Most, if not all, of the word-recognition materials in current use originated with a list of written words that were thought, through one process or another, to be simple and familiar words to the target listeners. Additionally, some linguistic considerations were factored into the selection process. As Hudgins et al[1] and Cancel-Ferrer[4] noted, an equally important variable in the word-recognition process is the intelligibility of the particular utterance of the word under consideration. This utterance-intelligibility factor prompted the initial phase of this project reported here that was to develop a corpus of recorded Spanish words with established psychometric characteristics from which various lists of words can be compiled for speech-perception protocols used in audiological evaluations (e.g., speech threshold and suprathreshold measures, speech-in-noise, dichotic listening, and the variety of distorted speech paradigms). The present study evaluated the recognition performances of young listeners with normal hearing for pure tones on monosyllabic, bisyllabic, and trisyllabic Spanish words recorded by a female speaker and presented at multiple presentation levels. Two experiments were conducted. Experiment 1 used 25 randomly selected words from each of the three syllabic categories to determine the presentations levels required with each syllabic category to produce word-recognition functions minimally over the 20 to 80% correct range. Experiment 2 generated word-recognition functions on each of the 139 monosyllabic, 359 bisyllabic, and 77 trisyllabic words using a protocol in which both the word order and the presentation levels were randomized.
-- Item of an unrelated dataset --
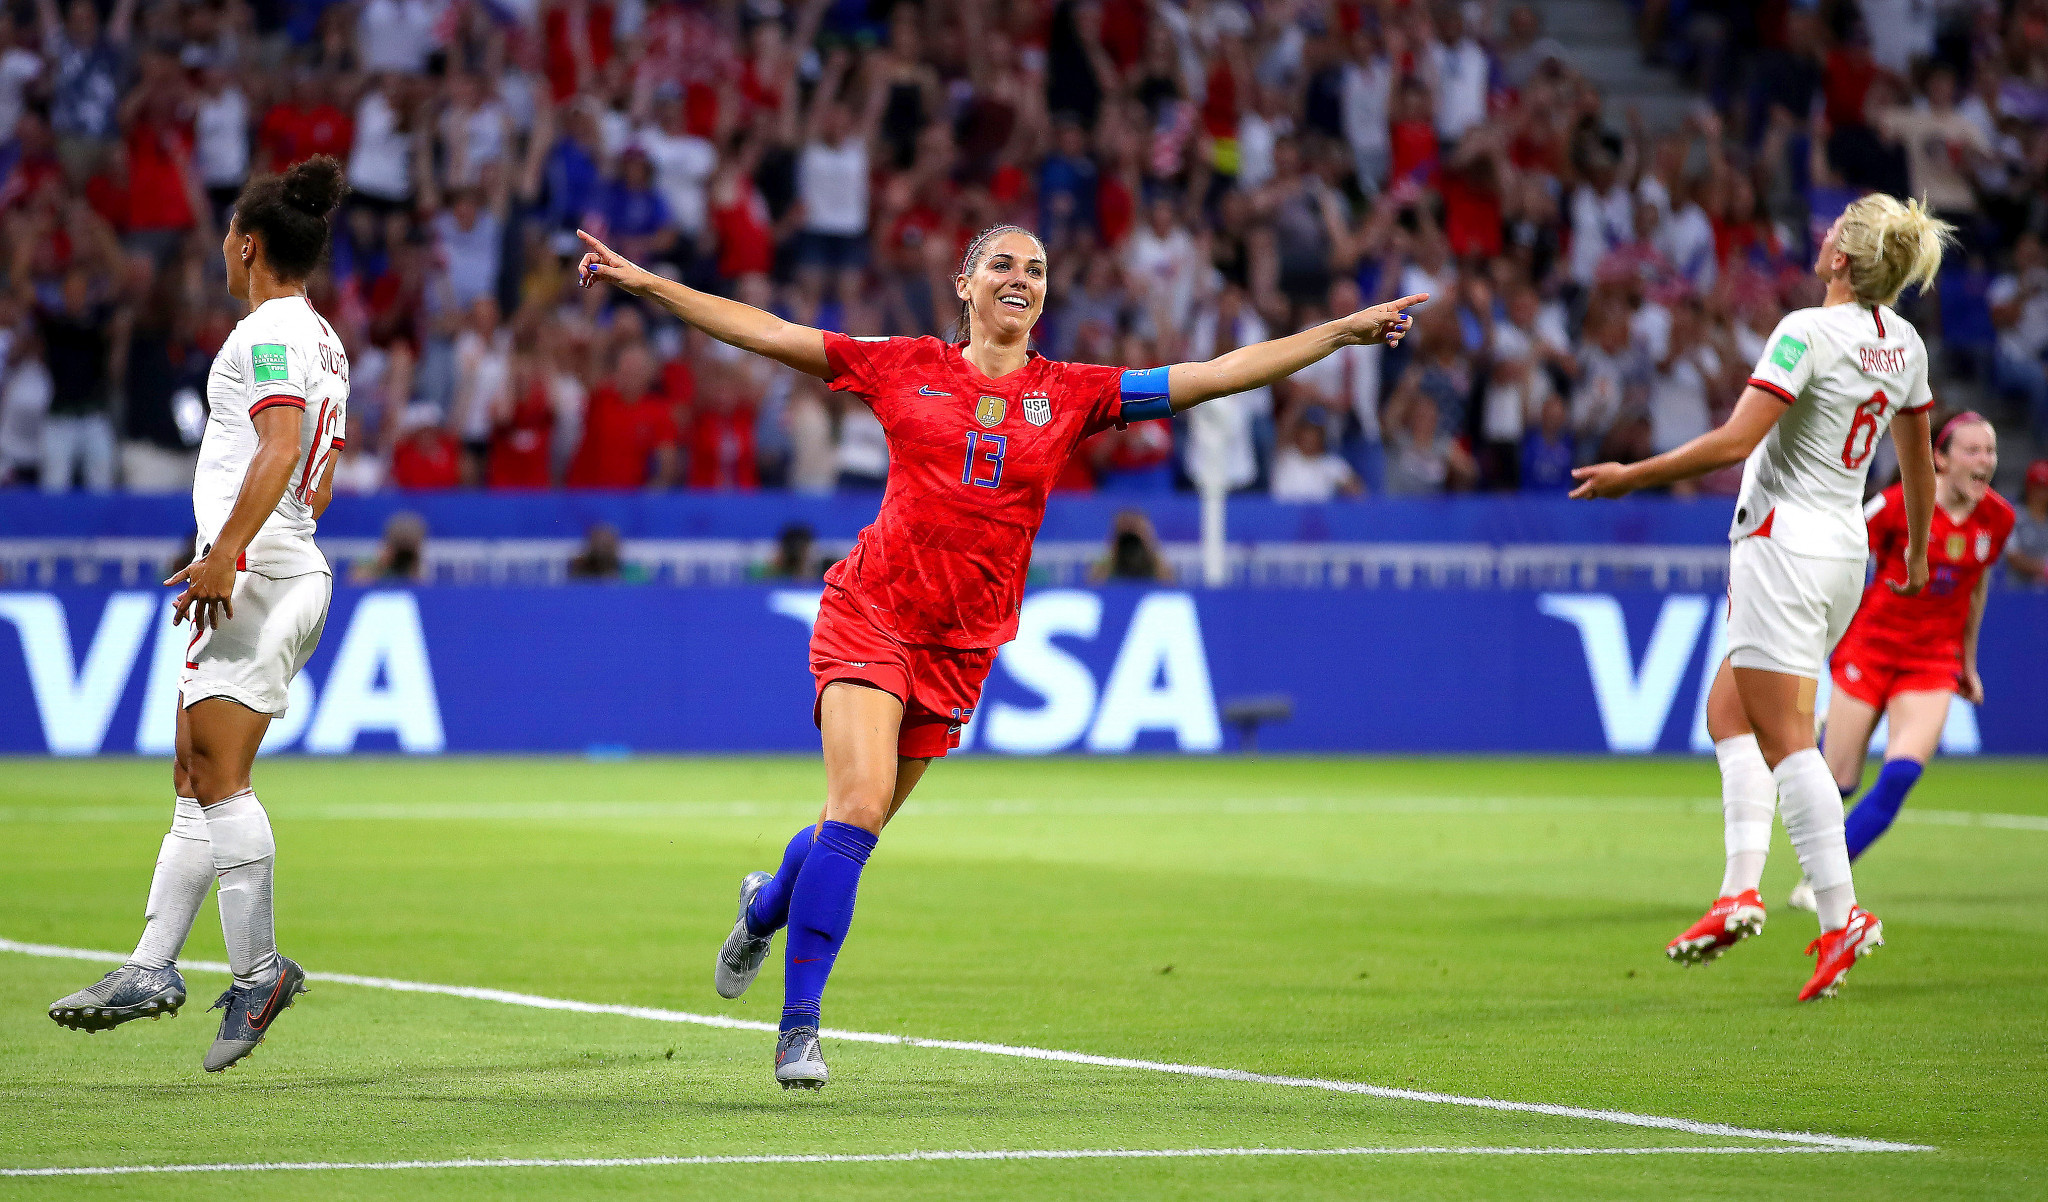 Defending champions the United States reached their third consecutive FIFA Women's World Cup final ©Getty Images
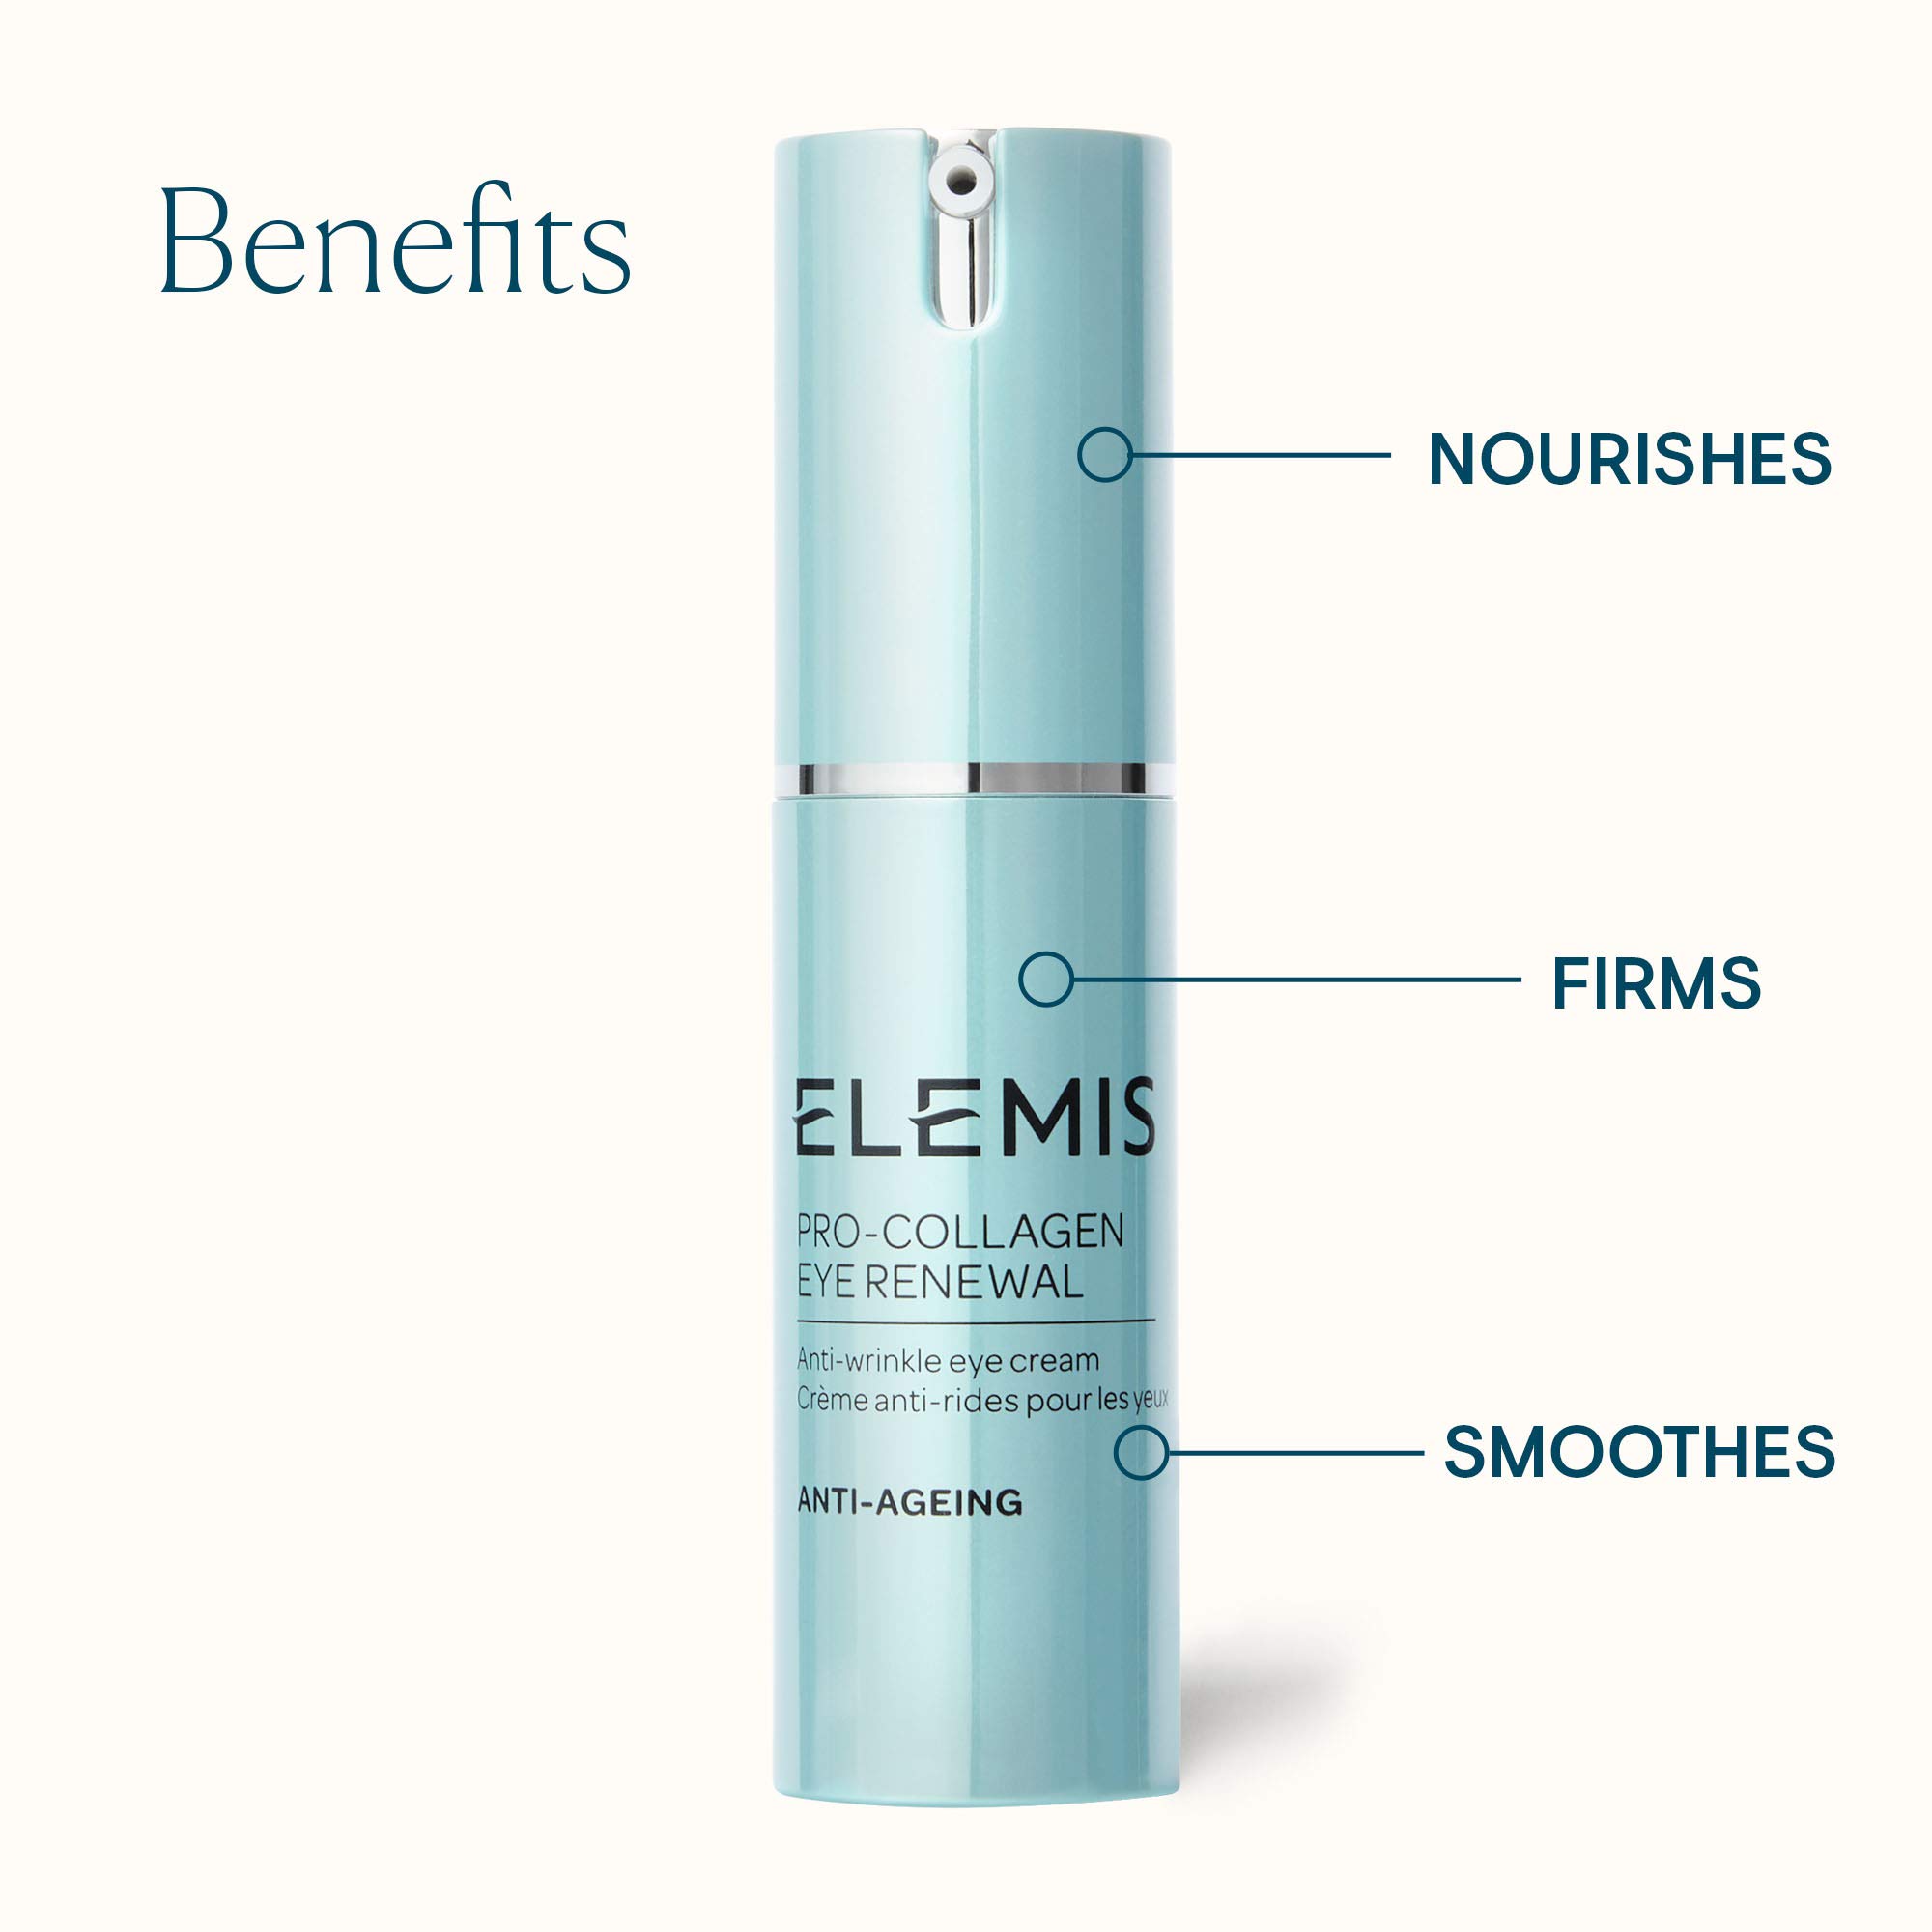 ELEMIS Pro-Collagen Eye Renewal | Nutrient-Rich Intensive Daily Anti-Wrinkle Eye Cream Deeply Nourishes, Firms, and Smoothes Delicate Skin | 15 mL

Prior to detailing the two experiments, the material preparations (including word selection, recording, editing, calibrating, and the compilation of the stimulus words for the individual participants) are presented along with general, common characteristics of the participant groups and of the two experimental protocols.

Material Preparation

A list of 575 Spanish monosyllabic, bisyllabic, and trisyllabic words was created mainly of words belonging to clinically available Spanish speech-recognition lists with some familiar words added. Words common to two or more lists were included only once, a principle that was also applied to homophone words of Spanish dialects that use seseo (i.e., tiza, tisa; lez, les; and taza, tasa). Seseo refers to the pronunciation of the grapheme ⟨z⟩ as /s/, as well as, for the grapheme ⟨c⟩, when encountered before ⟨e⟩ or ⟨i⟩. The 139 monosyllabic words were drawn from Rosenblüt and Cruz[6] and the Auditec of St. Louis Spanish Monosyllables (Auditec Item 151; www.auditec.com). Of the 359 bisyllabic words, 344 were from one or more of four sources (Spanish Words for Speech Recognition Threshold lists,[4] Spanish Bisyllables Form 1, Lists A–D [Auditec, Item 268], the Spanish Picture Identification Task,[17] and the Brigham Young University Spanish word-recognition lists[18] with 15 supplemental words added. The added words included two bisyllabic digits that were not included in the source lists and 11 bisyllabic words based on familiarity within the Puerto Rican dialect. Of the 77 trisyllabic words, 36 were from the Auditec Spanish Trisyllables for SRT (Auditec, Item 120) with 41 other familiar trisyllabic words added. The 575 words and their sources are listed in [Tables S1] to [S3] in the Supplementary Material.

Recordings

Digital recordings of the 575 words were produced in a professional recording studio during five 1.5-hour sessions at the same time each day. Each session included an initial practice period. The recordings were made in an IAC single-wall sound booth with a wind screened microphone (Electro-Voice, Model RE20) routed through a digital mixing console (Yamaha, Model 02R96) to a computer for storage. The bit depth was 16-bits with 44,100 samples/s. The speaker was a professional Puerto Rican female broadcaster with a neutral Spanish accent. During the recording sessions, an audiologist (first author) and a linguist/speech-language pathologist (third author), both native Spanish speakers from Puerto Rico, provided feedback to the speaker on word productions and requested additional utterances when necessary.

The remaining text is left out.